Perbedaan: Pada penelitian Varma, et al. (2010) pemberian kuesioner
dilakukan 3 kali: 15 hari sebelum tindakan histerektomi, 3 bulan dan 6 bulan
setelah histerektomi, dimana fokus penelitian pada gejala depresi, gejala
kecemasan, kepuasan seksual. Dalam penelitian ini pemberian kuesioner
dilakukan satu kali, yaitu setelah pasien dilakukan TAH dengan rentang 3-2
bulan post TAH.
4.
Penelitian yang dilakukan oleh McPherson,
et al. (2005) mengenai
“Psychosexual health 5 years after hysterectomy: population based
comparison with endometrial ablation for dysfunctional uterine bleeding” .

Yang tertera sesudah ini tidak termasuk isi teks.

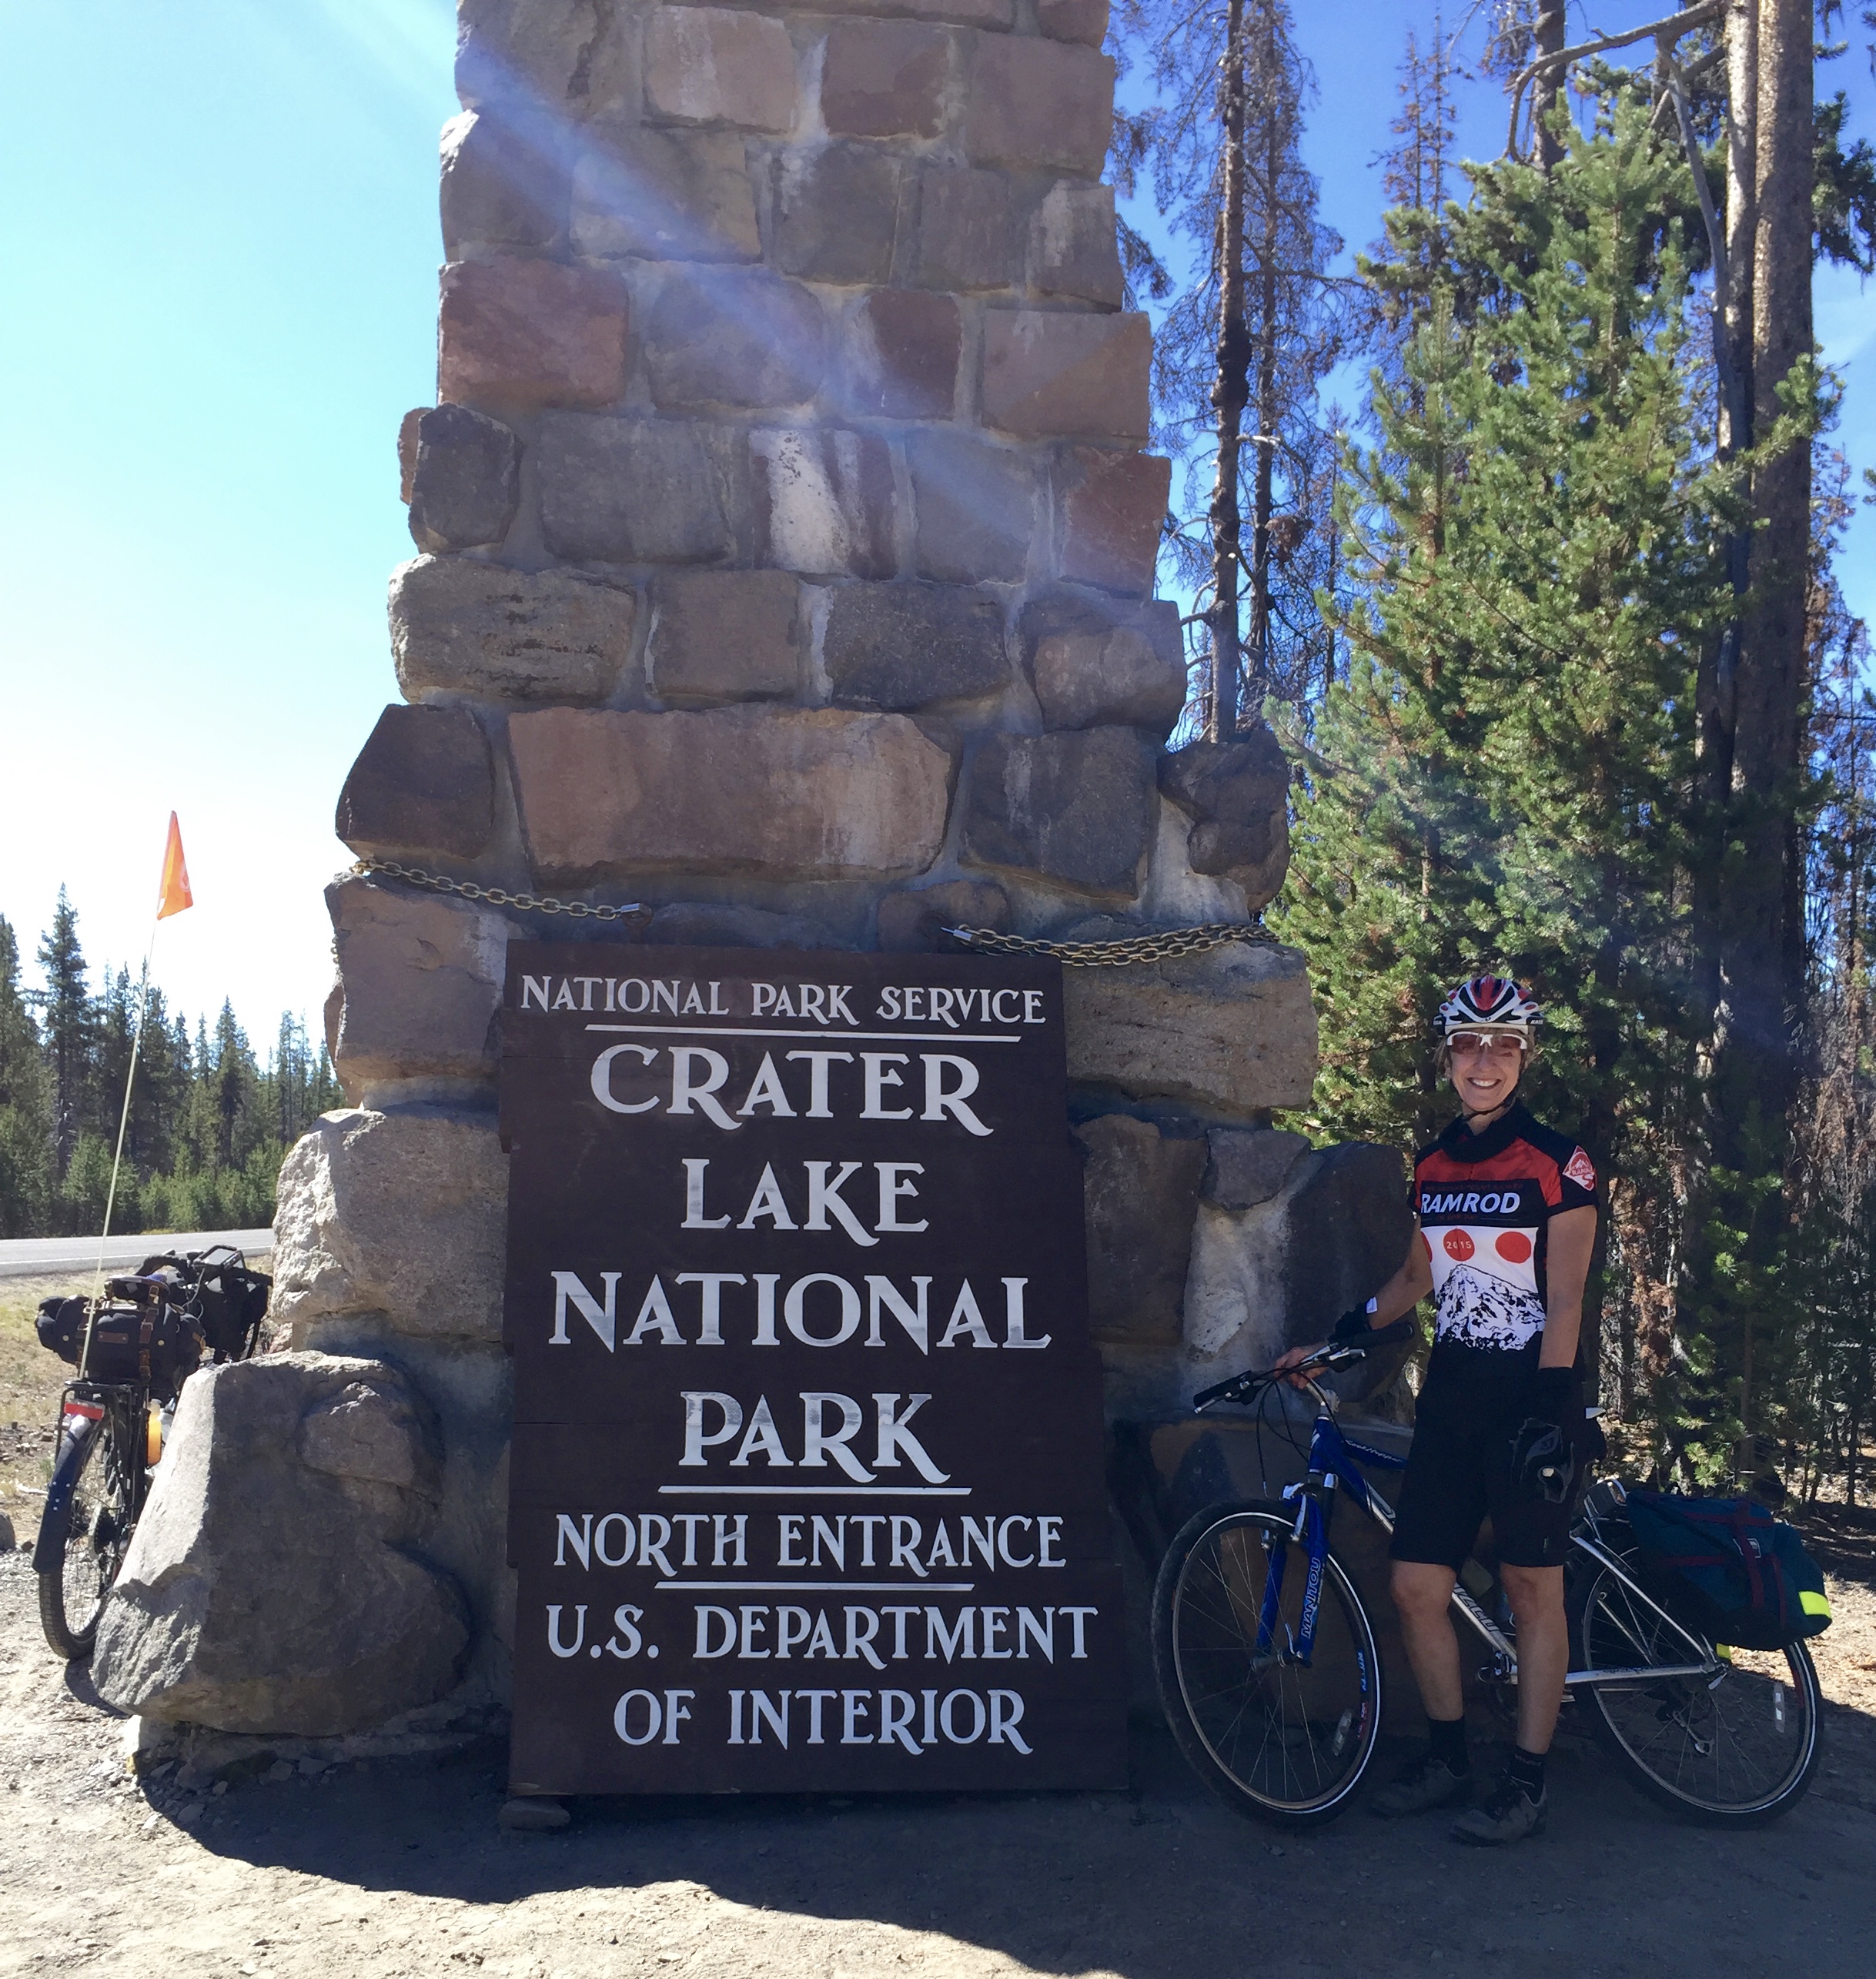 Lorri at the north entrance to Crater Lake

Sampel penelitian berjumlah 11.325 orang. Sampel diambil dari 400 rumah
9
sakit di Inggris, Irlandia Utara, Wales. Penelitian kuantitatif dengan studi
prospektive kohort ini bertujuan untuk membandingkan kehilangan hasrat
seksual, berkurangnya keinginan seksual, dan kekeringan vagina 5 tahun
setelah histerektomi tanpa atau dengan bilateral oophorectomy. Responden
penelitian melaporkan bahwa problem psikoseksual semakin meningkat
dimana 80% kehilangan libido, 82% kehilangan keinginan seksual dan 69%
mengalami kekeringan vagina. Persamaan dengan penelitian ini adalah
sampel penelitian yang digunakan adalah responden post histerektomi atas
indikasi benign. Perbedaan dalam penelitian ini adalah penelitian
McPherson dilakukan pada responden dengan riwayat 1,3, dan 5 tahun
post histerektomi dimana kuesioner dikirimkan melalui pos. Sedangkan
dalam penelitian ini responden dengan riwayat 3 bulan-2 tahun post TAH.
5.
Penelitian selanjutnya dilakukan oleh Afiyah (2010) mengenai “Kualitas
hidup perempuan yang mengalami histerektomi serta faktor-faktor yang
mempengaruhinya”.
Sampel berjumlah 10 responden dipilih dengan
purposive sampling, yaitu wanita yang memiliki riwayat histerektomi
minimal delapan bulan sampai 13 tahun di wilayah DKI Jakarta. Penelitian
grounded theory. Dampak yang dirasakan pada perempuan yang mengalami
histerektomi yaitu dampak fisik, psikologi dan sosial. Psikoseksual pada
pasien pascahisterektomi totalis perabdominal, yaitu terjadi kecenderungan
peningkatan fungsi seksualitasnya seperti: frekuensi hubungan seks,
frekuensi orgasme, peningkatan libido dan nyeri saat hubungan seks
berkurang serta kecenderungan penurunan dari pembatasan emosi (cemas
10
ataupun depresi). Persamaan dengan penelitian ini adalah topik yang sama
yaitu mengenai histerektomi , juga menggambarkan mengenai seksualitas
yang merupakan bagian dari kualitas hidup. Perbedaan dengan penelitian
Afiyah (2010) adalah desain penelitian yang digunakan adalah penelitian
kualitatif dengan grounded theory mengenai kualitas hidup yaitu mengenai
aktivitas sehari-hari termasuk didalamnya aktivitas seksual, interaksi sosial,
dukungan keluarga. Penelitian ini dengan pendekatan kuantitatif dan
kualitatif mengenai seksualitas pada wanita setelah TAH.